Araújo havia sido anunciada para o cargo no último dia 12 pelo ministro da Saúde, Marcelo Queiroga. Ela é formada pela Universidade Federal do Rio de Janeiro (UFRJ) e pós-graduada em epidemiologia na Universidade Johns Hopkins, nos Estados Unidos. O GLOBO tentou contato com a médica, mas não obteve retorno. Em nota oficial divulgada pelo seu perfil no Instagram, a médica não deixou claro a motivação de sua saída, mas ressaltou que em seu discurso de apresentação fez questão de evidenciar uma "postura técnica" e baseada em evidências. "Em meu discurso de apresentação, fiz questão de evidenciar minha postura técnica, baseada em evidências, pautada pelo juramento médico que fiz e que norteia todas as minhas atitudes. Vejo a ciência como ferramenta de produção de conhecimento e de educação para a priorização da vida, sempre, como objetivo maior"Na mesma nota, ela disse que conseguiu desenvolver trabalhos como o plano de testagem anunciado neste sábado pelo ministério. Além disso, desejou sorte ao ministro Marcelo Queiroga  pela "oportunidade, confiança e exemplarismo""Saio desta experiência como entrei: pela porta da frente, com a consciência e o coração tranquilos, ciente de que neste curto período entreguei o melhor da minha capacidade de acordo com os princípios que tenho como profissional especialista na área: ética, cientificidade, agilidade, eficiência, empatia e assistência".

Posicionamentos
No dia em que ela foi anunciada, o GLOBO mostrou que a infectologista tinha feito manifestações contrárias ao uso de cloroquina, hidroxicloroquina e ivermectina no tratamento contra a doença, inclusive em pacientes com sintomas leves. No Twitter, ela afirmou que se tratava de "neocurandeirismo" e destacou o "Brasil na vanguarda da estupidez mundial" ao comentar uma postagem de apoio ao uso da hidroxicloroquina na rede social. Depois da publicação da reportagem, a médica apagou sua conta na rede social. Os remédios, sem eficácia comprovada para a Covid-19, são defendidos pelo presidente Jair Bolsonaro e por integrantes do governo como parte do chamado "tratamento precoce" e constam, inclusive, de orientação da pasta para o atendimento aos doentes, baixada pelo ex-ministro Eduardo Pazuello no ano passado. A postagem que havia originado os comentários de Araújo é uma nota da Associação Médica Brasileira, de julho do ano passado, defendendo a autonomia do médico em prescrever a hidroxicloroquina. Em meio a mensagens de internautas parabenizando e criticando a entidade, a médica escreveu: "Neocurandeirismo. Iluminismo às avessas. Brasil na vanguarda da estupidez mundial".

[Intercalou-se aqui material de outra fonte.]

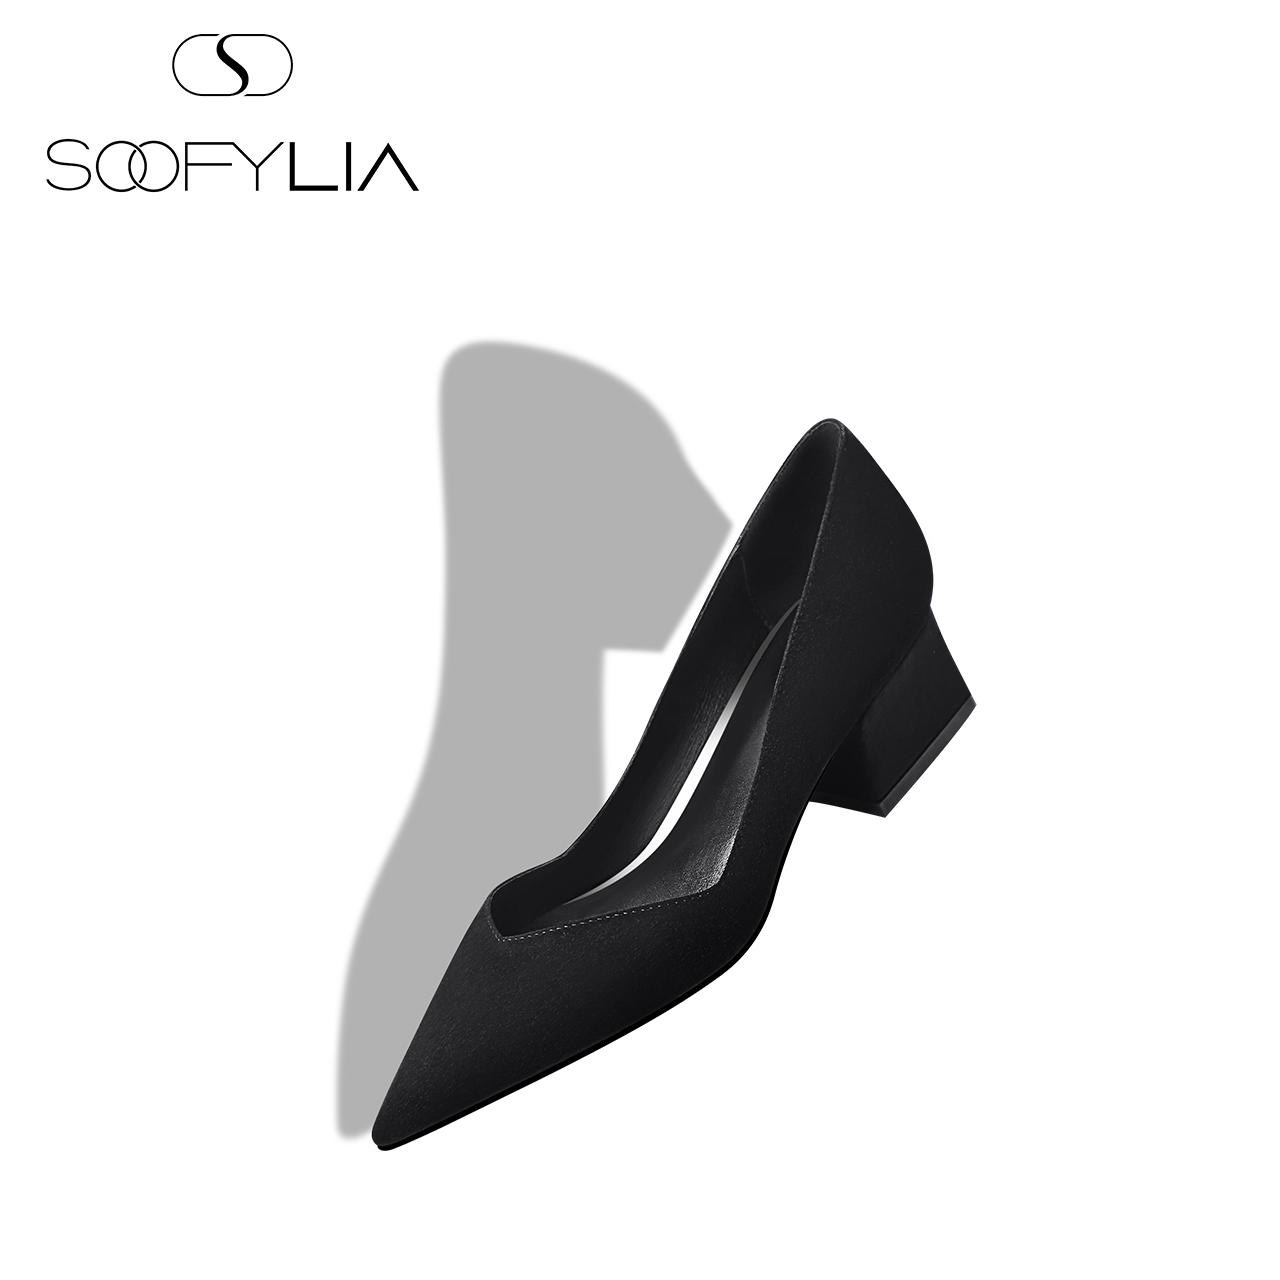 黑色尖头鞋 SOOFYLIA 宴会鞋履 2018春季新品 黑色羊反绒尖头粗跟单鞋女鞋_推荐淘宝好看的黑色尖头鞋

Na sequência de comentários no Twitter, ao responder a um perfil que hoje aparece como suspenso na rede social, Araújo destacou, usando a sigla HCQ para hidroxicloroquina: "Feliz por você, mas não há qualquer evidência a favor (e muita contrária) à eficiência da HCQ. Seus pacientes devem ter se recuperado em função da competência de suporte de vocês, aliada à história da doença. Nada de pseudoterapia".

Em coletiva à imprensa neste sábado para falar da medidas sobre a variante indiana, o ministro Marcelo Queiroga se negou a dizer o motivo da saída da infectologista Luana Araújo, anunciada há 10 dias como secretária especial da Covid-19, departamento criado por ele na pasta para centralizar as ações. Ele negou haver pressões do Palácio do Planalto para que a nomeação não se concretizasse, já que a médica já tinha se manifestado anteriormente contra remédios como cloroquina, sem eficácia comprovada para a Covid-19, como revelou o GLOBO: — Não tem pressão do Palácio do Planalto. Esse é um assunto que considero encerrado. A doutora Luana é uma excelente médica e nós vamos buscar um perfil semelhante ao dela para trabalhar aqui conosco.

Ao ser perguntando novamente sobre o motivo da saída, Queiroga foi ríspido: — Já falei acerca da doutora Luana. Esse é um assunto que nós consideramos encerrado. Não vou mais abordar esse assunto.